▸ **Records for processing**:
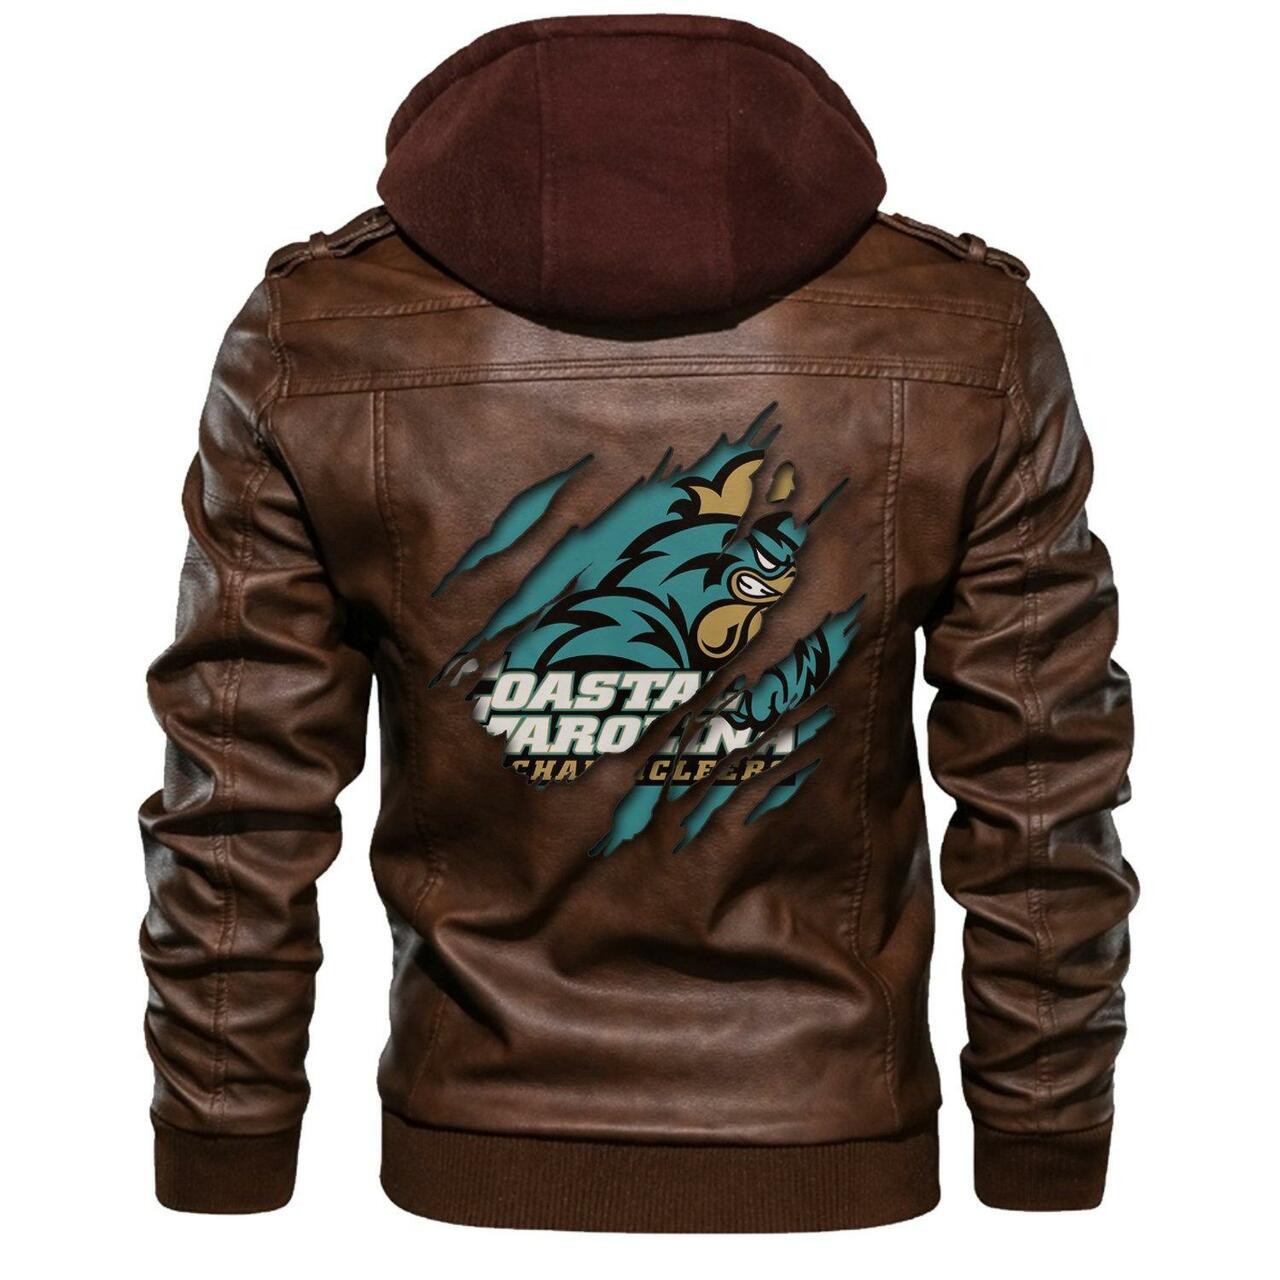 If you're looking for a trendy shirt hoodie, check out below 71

==

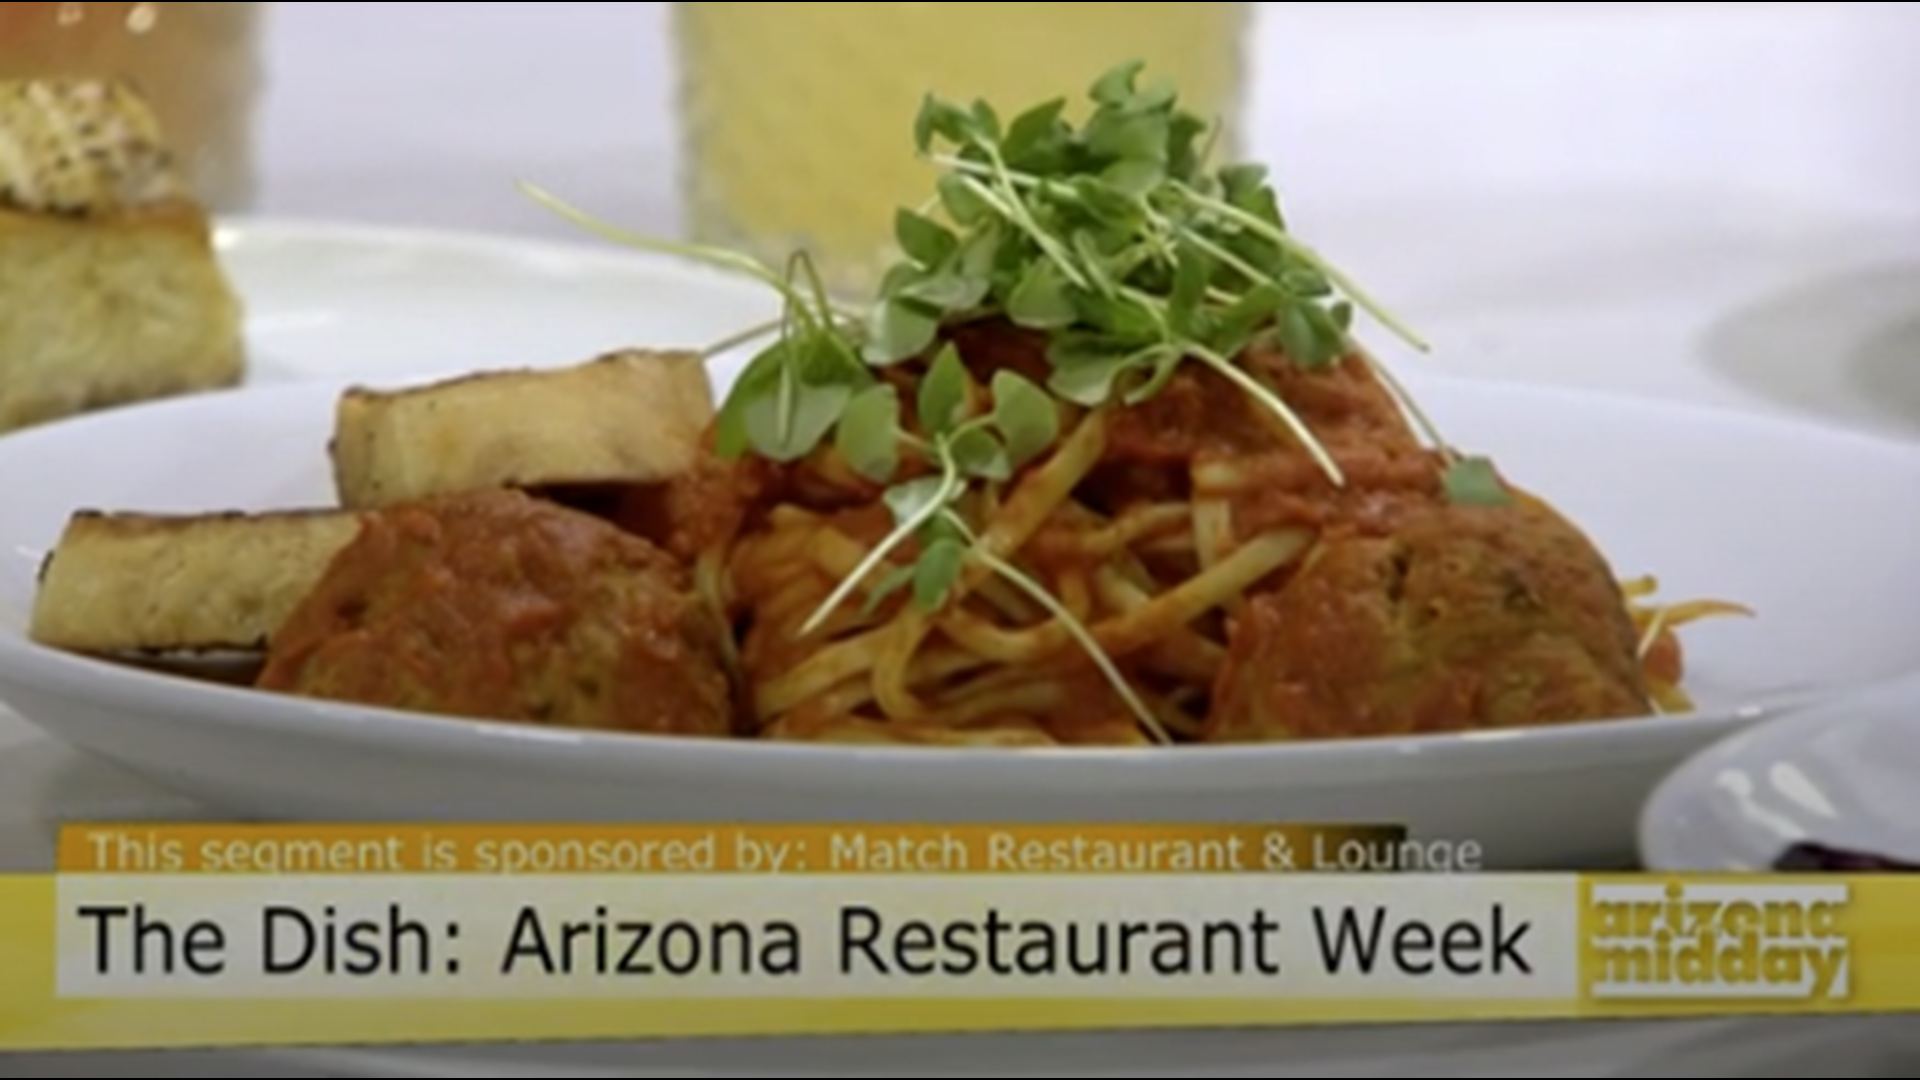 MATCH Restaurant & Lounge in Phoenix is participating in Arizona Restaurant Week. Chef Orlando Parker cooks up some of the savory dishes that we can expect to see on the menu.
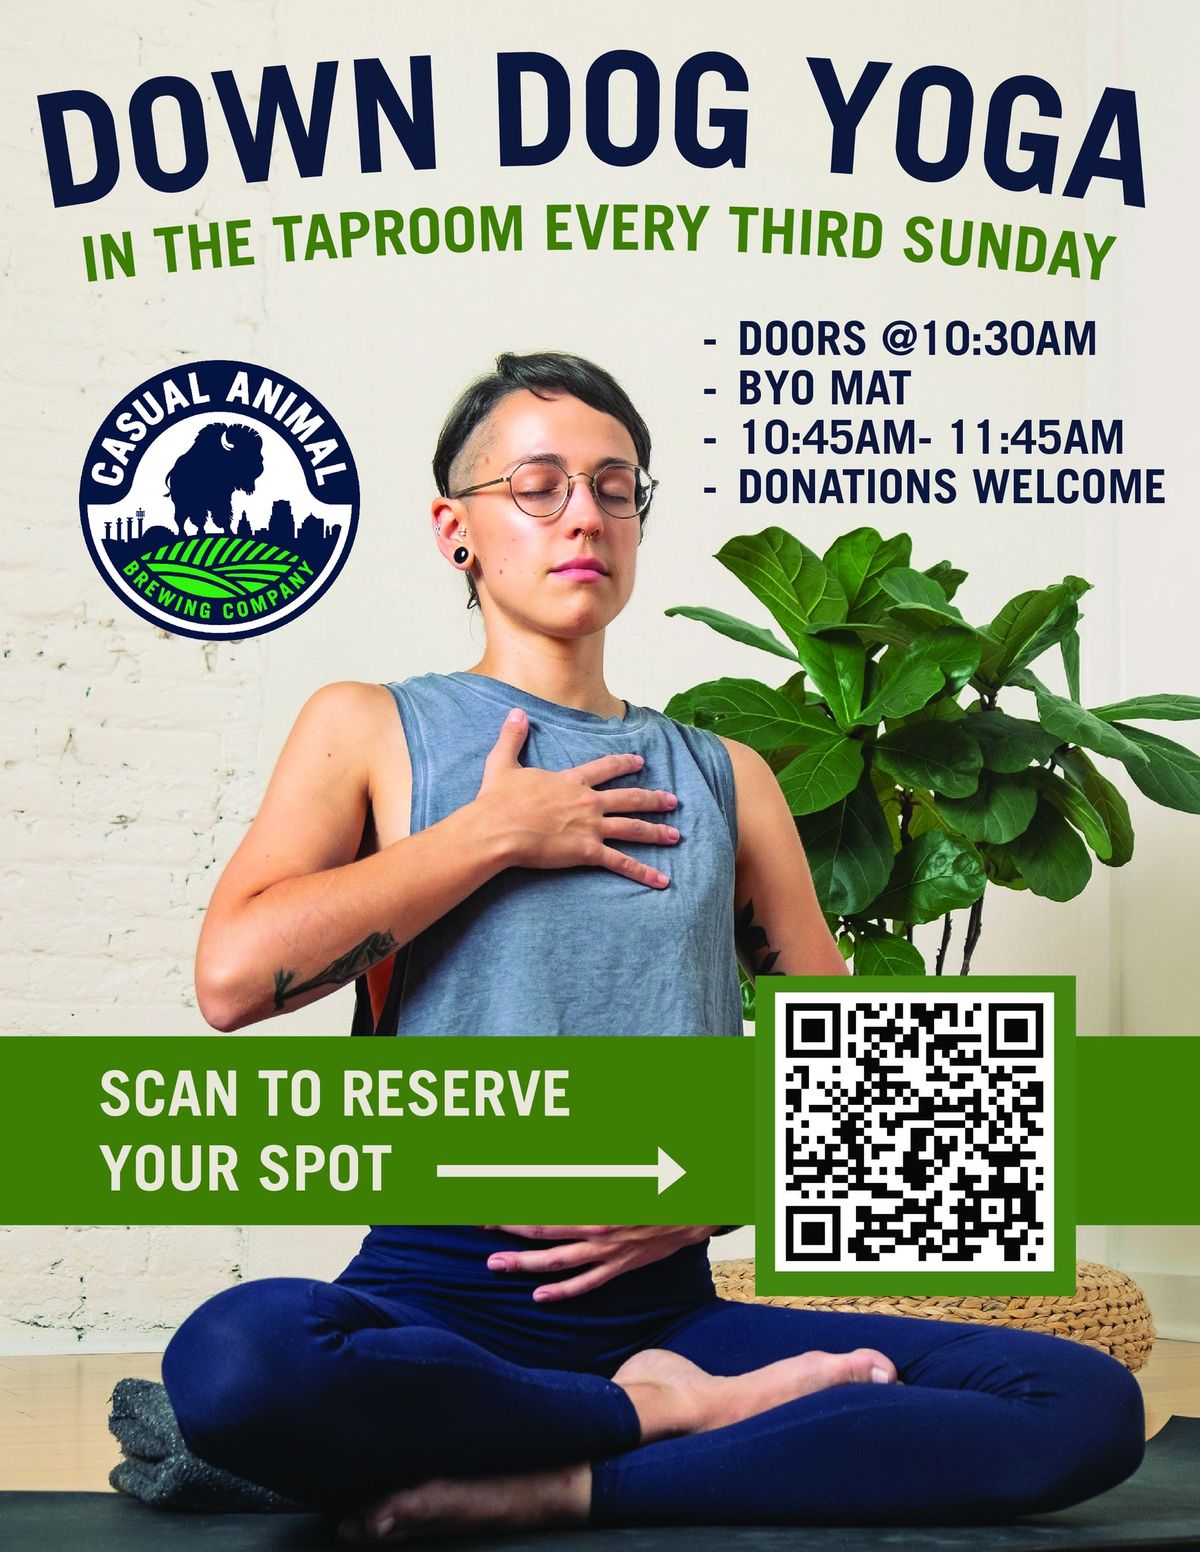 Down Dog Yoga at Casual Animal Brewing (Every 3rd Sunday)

▸ **Task**: Restate word for word the lines of the data above that begin at the line with "MATCH Restaurant &" and end at the line with "Down Dog Yoga", keeping both ends and dropping every picture.

▸ **Result**:
 MATCH Restaurant & Lounge in Phoenix is participating in Arizona Restaurant Week. Chef Orlando Parker cooks up some of the savory dishes that we can expect to see on the menu.
 Down Dog Yoga at Casual Animal Brewing (Every 3rd Sunday)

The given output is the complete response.